Michael Fabbri, Assistant District Attorney, for the Commonwealth. Eric Brandt, Committee for Public Counsel Services, for the defendant.4. On September 12, 1986, the prosecutor asked for a trial date of November 13, 1986, and defendant’s counsel expressly acquiesced. That sixty-two-day period should have been excluded. See Barry v. Commonwealth, supra at 295; Commonwealth v. Farris, 390 Mass. 300, 305 (1983); Commonwealth v. Bunting, 401 Mass. 687, 690 (1988); Commonwealth v. Campbell, 401 Mass. 698, 702 (1988).
5. On November 13, 1986, the prosecutor reported that he was ready for trial with witnesses on call. The defendant’s counsel informed the judge that the defendant’s Arizona convictions had been reversed. Defendant’s counsel asked that the defendant be admitted to bail; the request was denied. Then the defendant’s counsel asked for and was granted a continuance to November 21, 1986, so that he could determine the defendant’s status in Arizona. This period of eight days should have been excluded.
6. On November 21, 1986, another case was on trial in the only criminal session of the Superior Court in Lowell. The parties asked for a trial date. Defendant’s counsel stated that he preferred to have the trial in Lowell even though he knew only one session operated there. By agreement, a trial date for December 18, 1986, was set, and defendant’s counsel stated that “ [i]f there’s a problem at that time perhaps we could have it moved to Cambridge. ” On November 21, 1986, taking into account periods of exclusion which we have previously discussed, seventy-four of the 180 statutory days had passed. In addition, the twenty-seven-day period from November 21 to December 18, 1986, should not be counted for the reason either that the defendant acquiesced in the continuance or that it was necessitated by scheduling difficulties. See Commonwealth v. Dickson, 386 Mass. 230, 232(1982);Commonwealth v. Carrillo, 5 Mass. App. Ct. 812,813 (1977).
In summary, we conclude that only seventy-four days of the 180-day period prescribed by the Act had elapsed on December 18, 1986, when the motion to dismiss was filed. See note 2, supra. Thus, it was error to dismiss the indictments.
We note that in the circumstances the purposes of the Act have not been frustrated. The Commonwealth has not been dilatory. Both the prosecutor and the defendant’s counsel harbored a mistaken belief about the beginning date of the 180-day period. The defendant’s rehabilitation in Arizona has not been adversely affected. The charges are serious. See Commonwealth v. Petrozziello, supra at 81-82.
The order allowing the defendant’s motion to dismiss the indictments is reversed.
So ordered.
Until shortly before the defendant filed his motion to dismiss, both the prosecutor and defense counsel labored under the misapprehension that the 180-day period began to run on the day (July 14, 1986) when the defendant first appeared in court pursuant to his request under the Act for disposition of the charges. The Commonwealth concedes that this misunderstanding did not alter the statutory period.

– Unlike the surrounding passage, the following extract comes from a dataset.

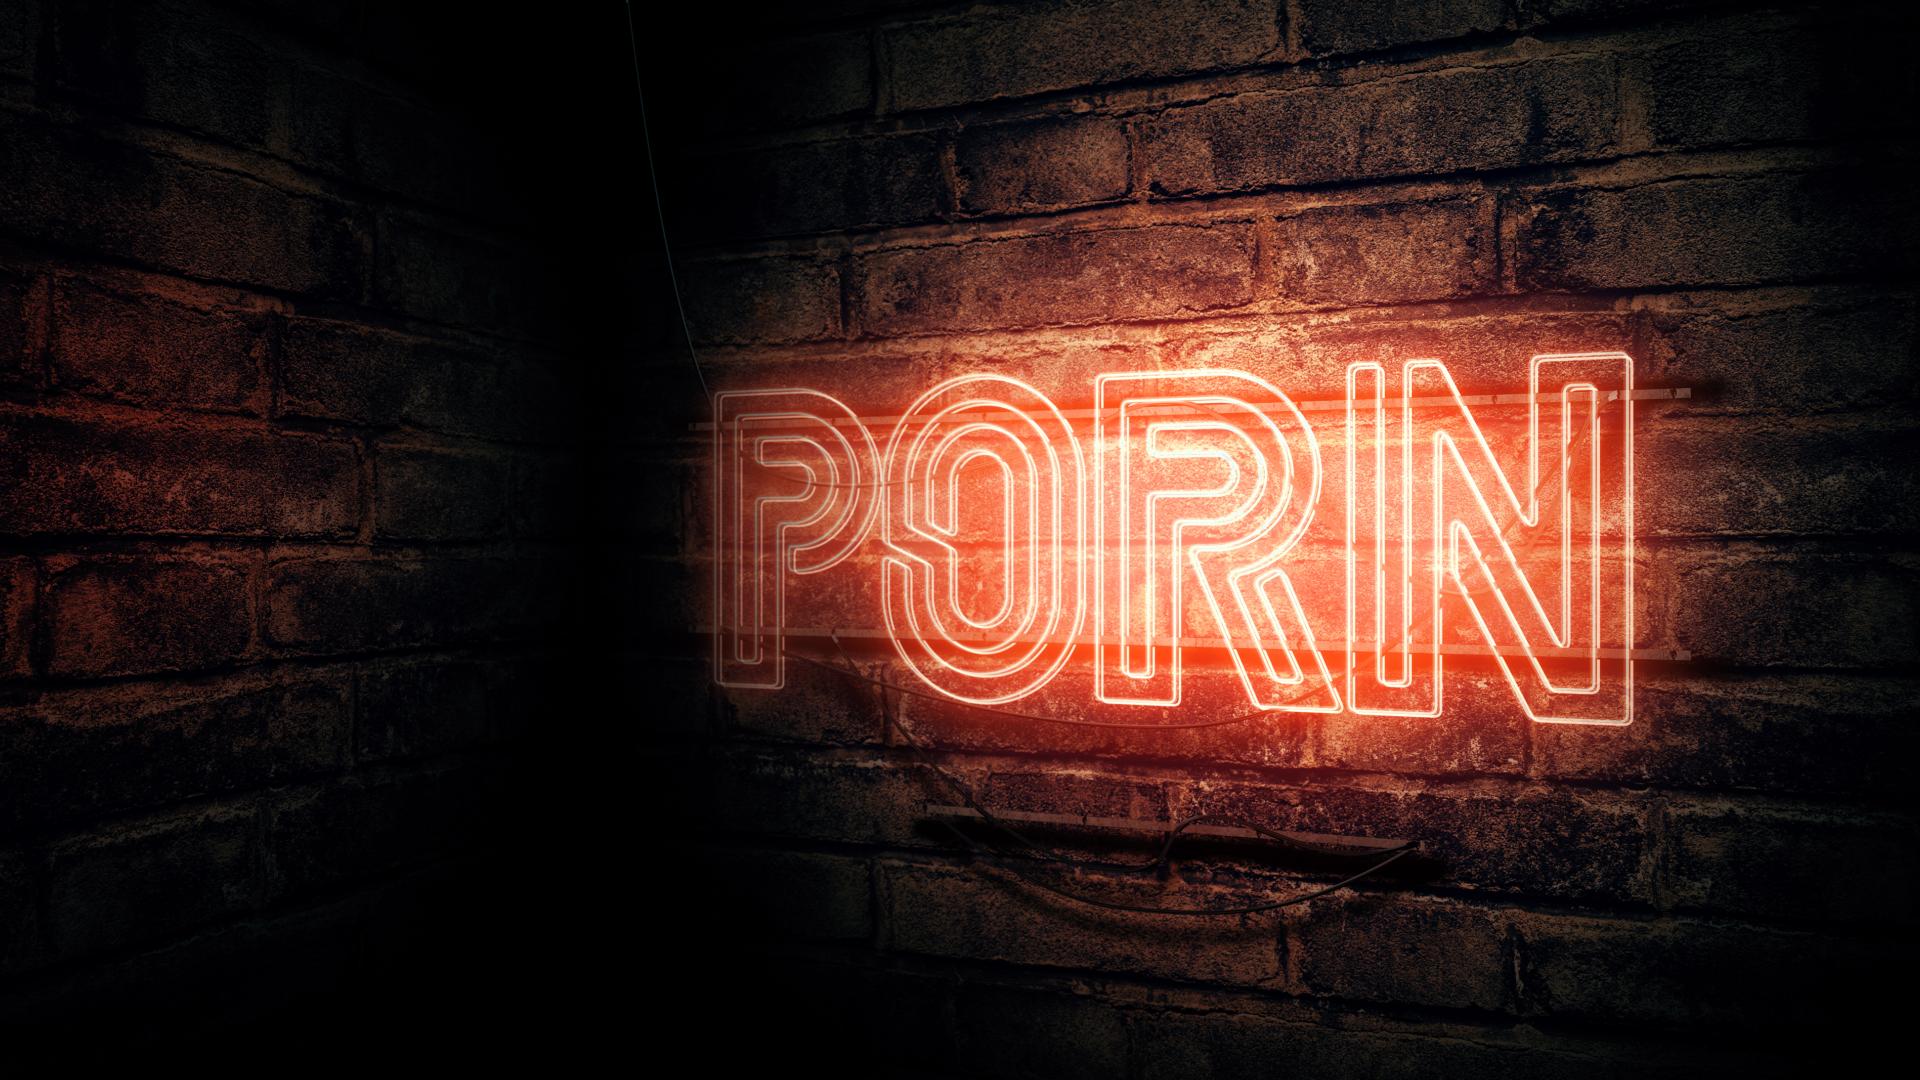 Porn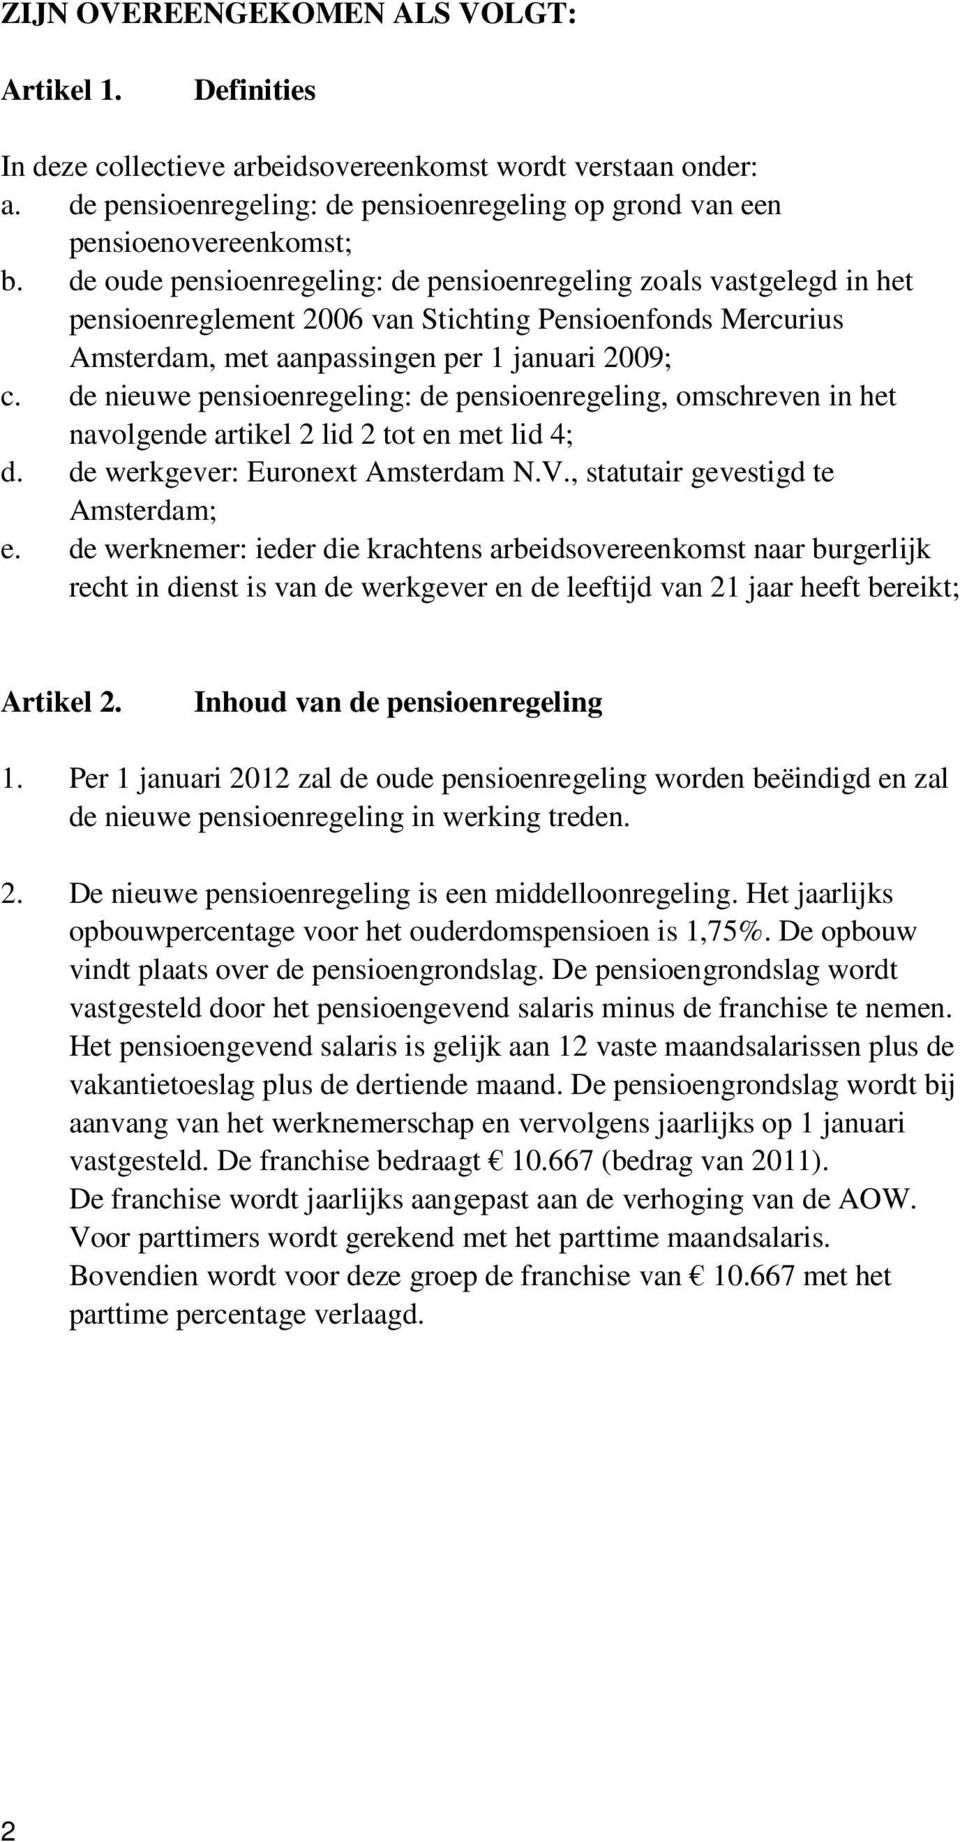 de nieuwe pensioenregeling: de pensioenregeling, omschreven in het navolgende artikel 2 lid 2 tot en met lid 4; d. de werkgever: Euronext Amsterdam N.V., statutair gevestigd te Amsterdam; e.

The filing of the motion suspended the running of time until the motion was decided. “The clock will not start running again until the rescript on this appeal has been entered in the trial court.” Commonwealth v. Petrozziello, supra at 80.
The defendant concedes that we may properly consider the transcripts of the November 13 and 21, 1986, hearings.
The defendant filed an affidavit in which he refers to the first two of these hearings.
The motion to suppress had been filed. No motion to dismiss, other than the one which is the subject of this appeal, was ever filed.